The husband and wife are perfectly average people who are loathsome in their own self-centered way. With remarkably little dialogue and no testimonials or verbal insights, we buy into them and their belief that they can get away with anything. Their continued compulsive spending, even as they get bill upon bill, creditor notice upon creditor notice reads as completely natural. Credit goes to Fleischer-Camp and Rippon that we instantly ‘get’ these characters. It’s not that unreasonable that they would find their lives so interesting that they’d post anything and everything online just because they think they and their children are that remarkable. It’s what YouTube essentially is; it’s why we have trailer reaction videos.
And if that answer doesn’t seem entirely satisfying, I readily admit that it’s not. During its run on the festival circuit, Fleischer-Camp was called out on Fraud‘s reliability and truthfulness and understandably so. In my admittedly scant research of the movie, I couldn’t find much in the way of actual evidence of who these people are or what they did or what happened to them or what channel they were on or the like. You’d think if a family uploaded videos of their insurance fraud on YouTube, we’d have heard about it. I’m sure once the film gets released, plenty of people will provide more accurate information on who these people are, for good or ill, but for now I’m leaning towards fake.
But that’s okay, because maybe the more appropriate question isn’t whether Fraud is real or not, but whether that matters. The movie is entitled Fraud, so buyer should beware from the outset. Sure, the titular fraud at least partially refers to the insurance fraud that forms the ‘plot’ of the movie, but it’s too poignant a word for a film as conceptual as this one to refer to that sole thing. If it was just supposed to be a documentary or docu-drama about a family who burns down their house for the insurance money, we would have gotten a far more conventional feature, with actual answers and some form of closure. A title card at least.

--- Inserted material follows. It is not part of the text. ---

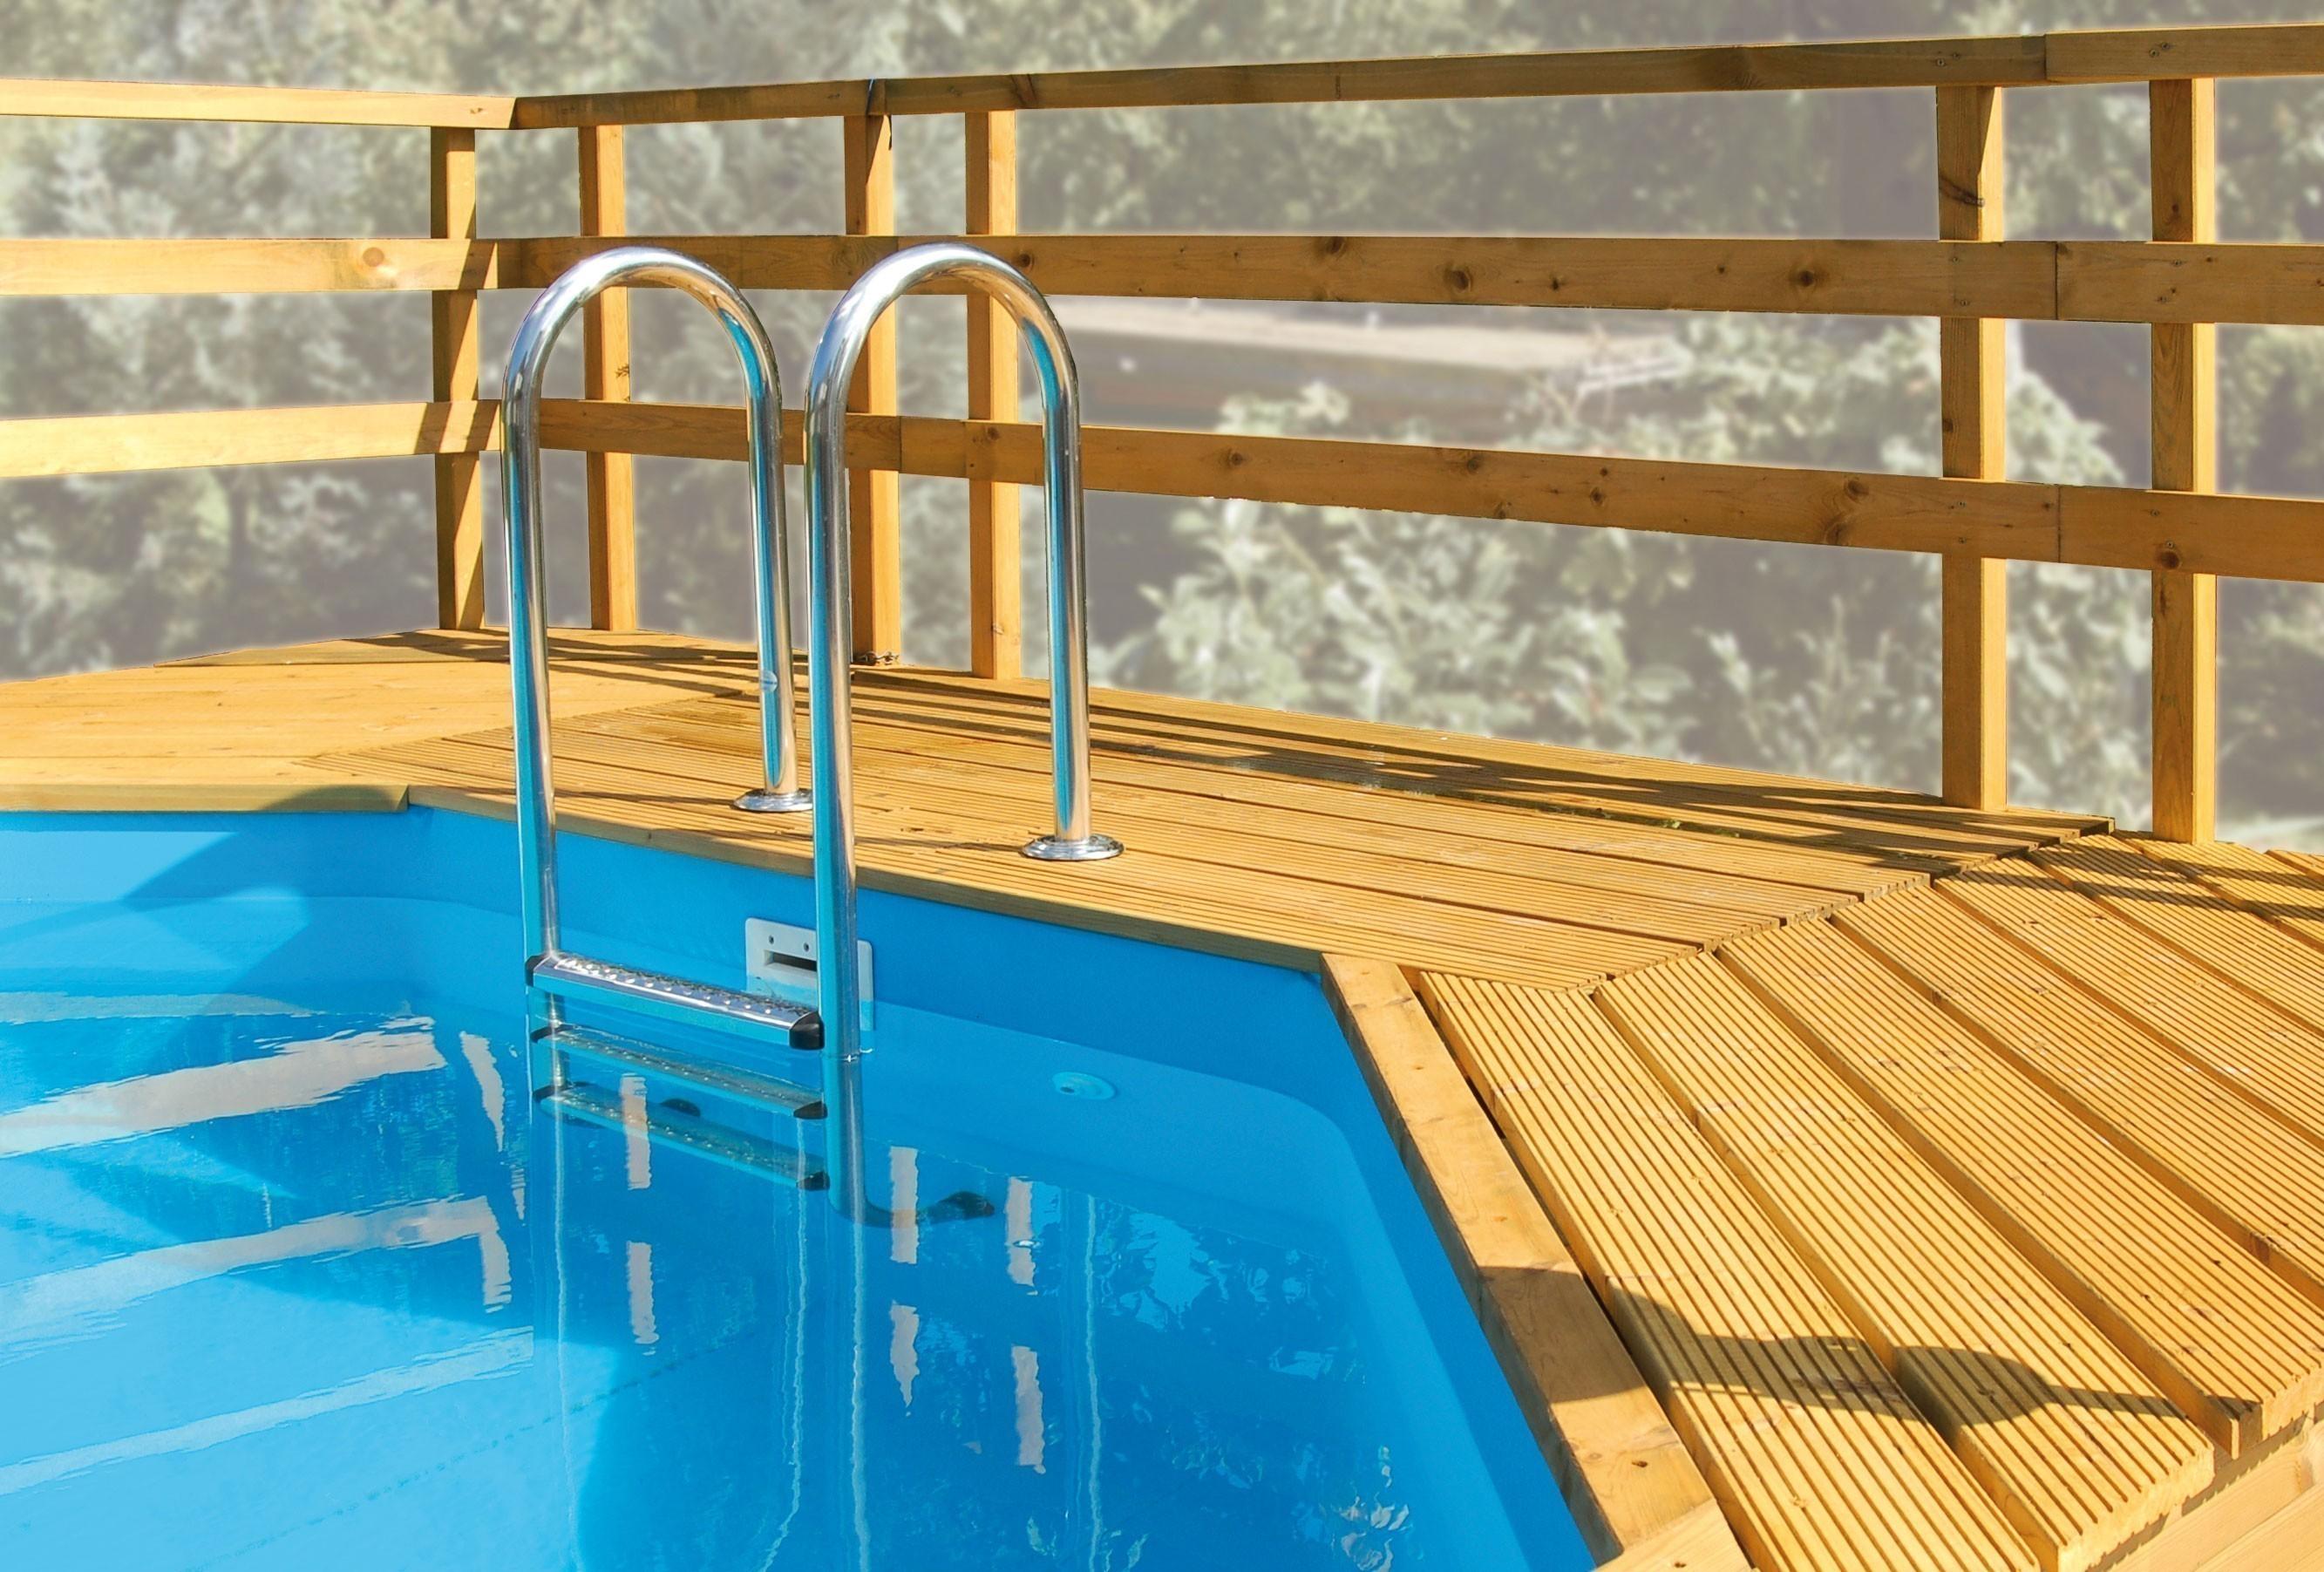 sonnendeck f r weka pool modell korsika korfu und malta bei. Black Bedroom Furniture Sets. Home Design Ideas

We should read the fraud in Fraud as applying to different layers within the film itself. Could Fleisher-Camp have been the victim of fraud in scouring and editing down hundreds of hours of nonsense YouTube video of a perfectly average family putting on a show for no one in the off chance that something like this happened? (And that would be among the greatest cons ever perpetrated.) Could he be “defrauding” the audience with false claims of its reality? Possibly, though it’s far from the first film to do that. Aside from the legendary marketing scheme behind The Blair Witch Project, films such as Exit Through The Gift Shop and Catfish are just some recent examples that play with the notion of truth in documentaries. (There’s also the overarching question of how can we be sure that anything we see on YouTube is real in the first place.)

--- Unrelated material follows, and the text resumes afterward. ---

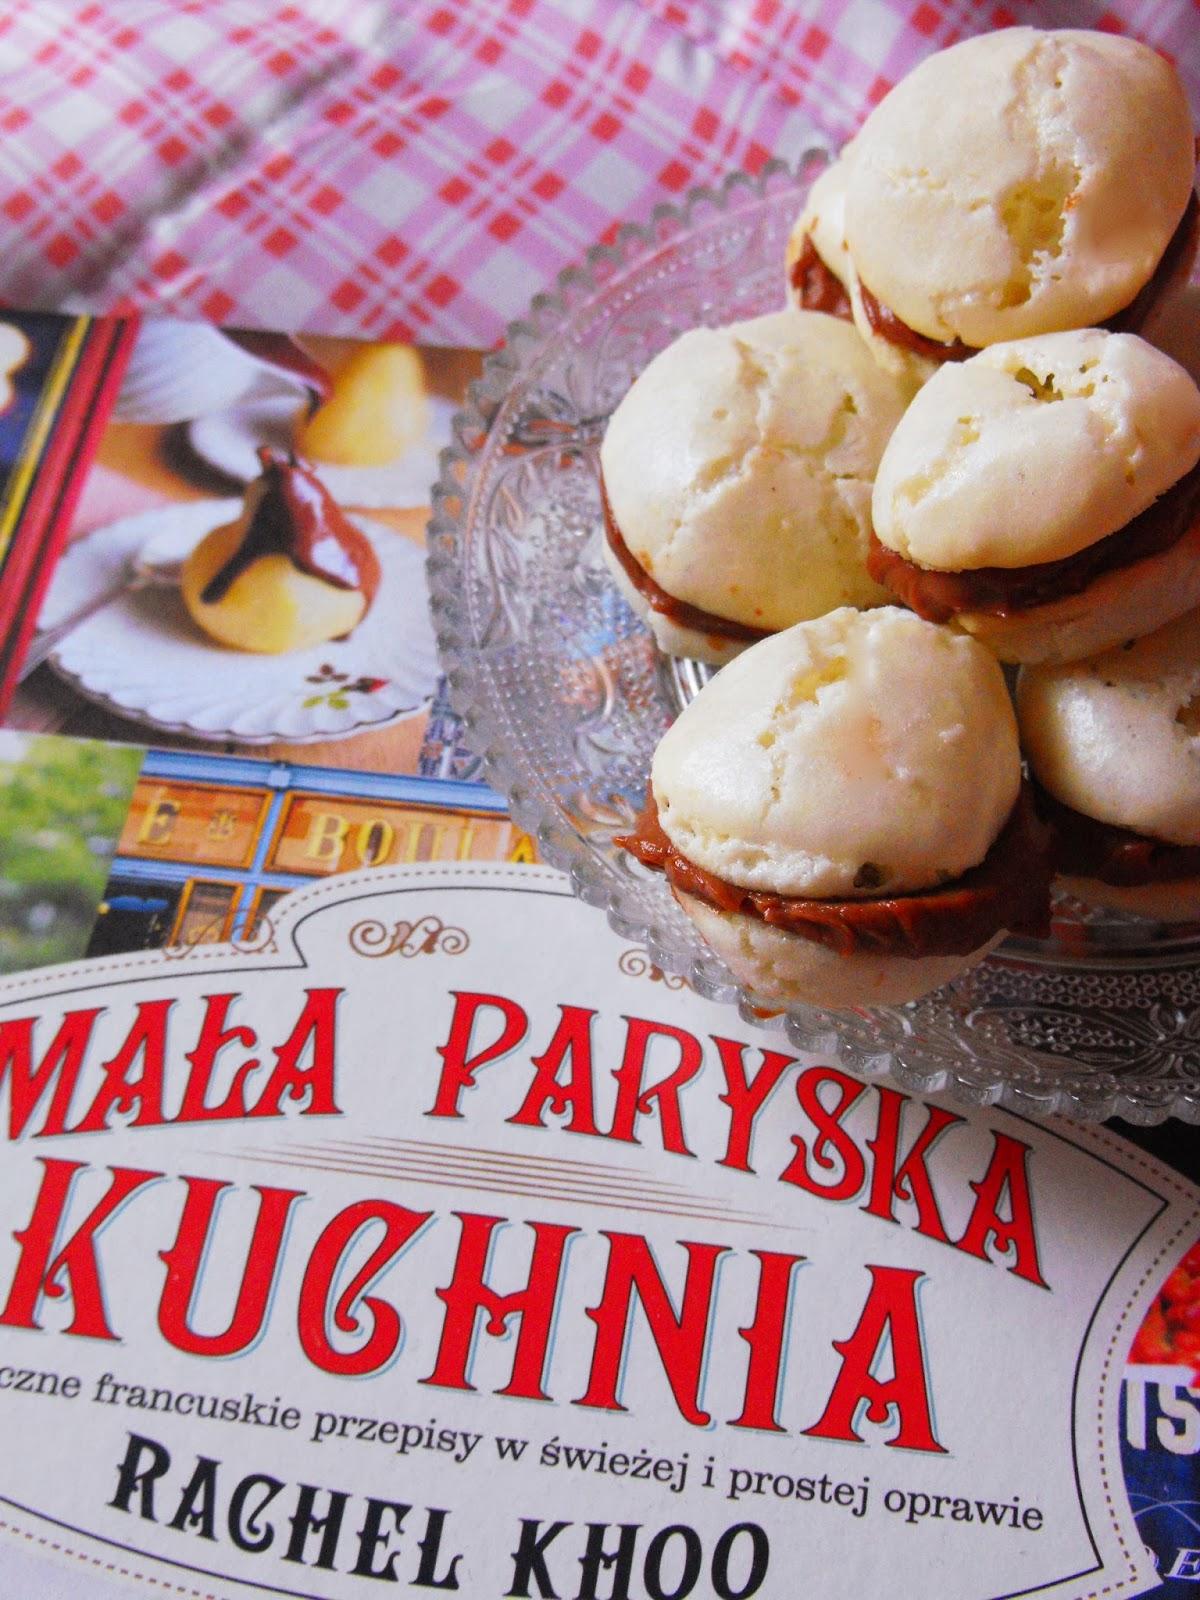 http://teczawsloiku.blogspot.com/2014/02/makaroniki-moje-pierwsze-kulinarne.html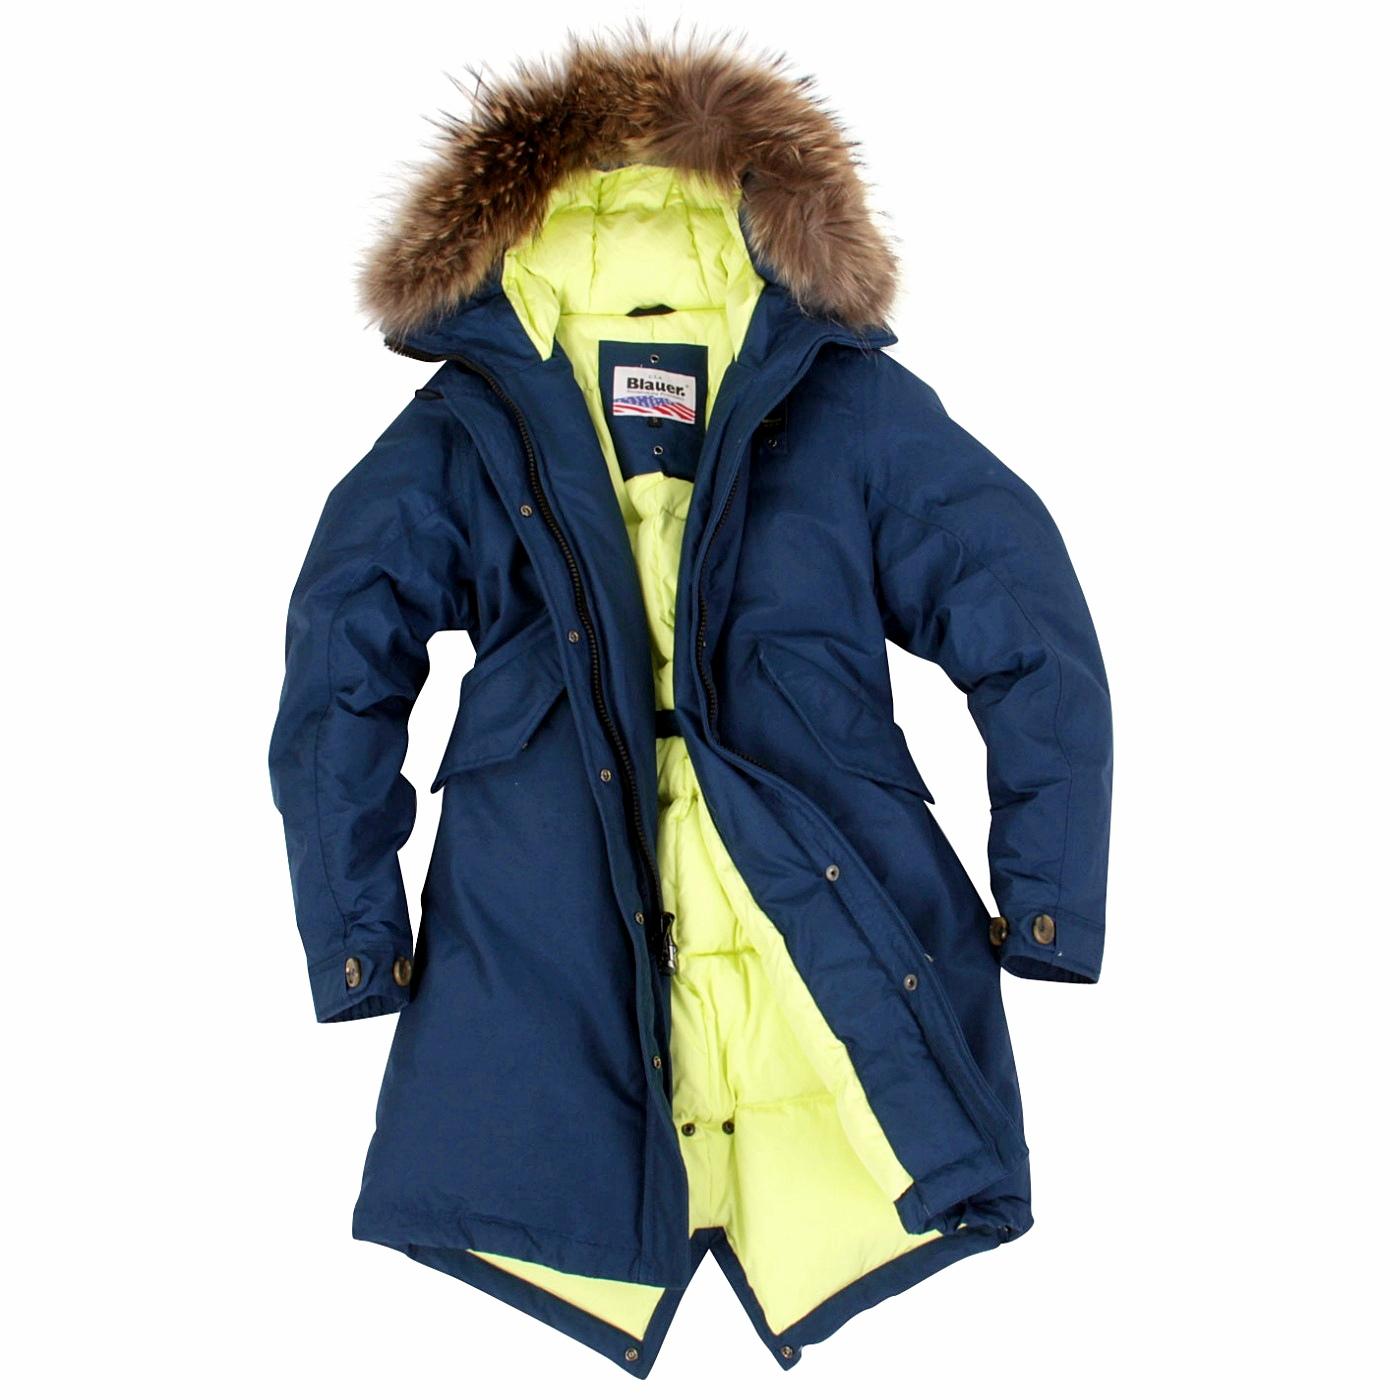 blauer usa damen winter daunen parka mantel jacke limited blue bld03045 ebay. Black Bedroom Furniture Sets. Home Design Ideas

The important thing is that as a movie, Fraud is strangely compelling and engaging. Despite its brisk running time (52 minutes), we’re thrown into these home movies without knowing anything about what the film is about or supposed to be about. The house burning is not punctuated by music cues or camera tricks and is treated with less of an emotional response than the family getting a new toy. Whether the footage is genuine or not misses the point of Fraud; it’s the film’s voyeuristic quality that plays off of our willingness to share personal moments to the public at large and or willingness to watch other’s personal moments that speaks to a reality realer than the story itself.
The Verdict: 4 out of 5
Allegedly constructed by compiling hundreds of hours of YouTube “home movies,” Fraud is a dark look at an amoral, debt-ridden family. Whether actually real or darkly satirical, Fraud provides an honesty uncommon in many documentaries by just giving us the raw materials. It’s one of those movies where half the fun is trying to figure out what the filmmaker’s intentions are. It’s a gimmick that doesn’t always work, but it does here.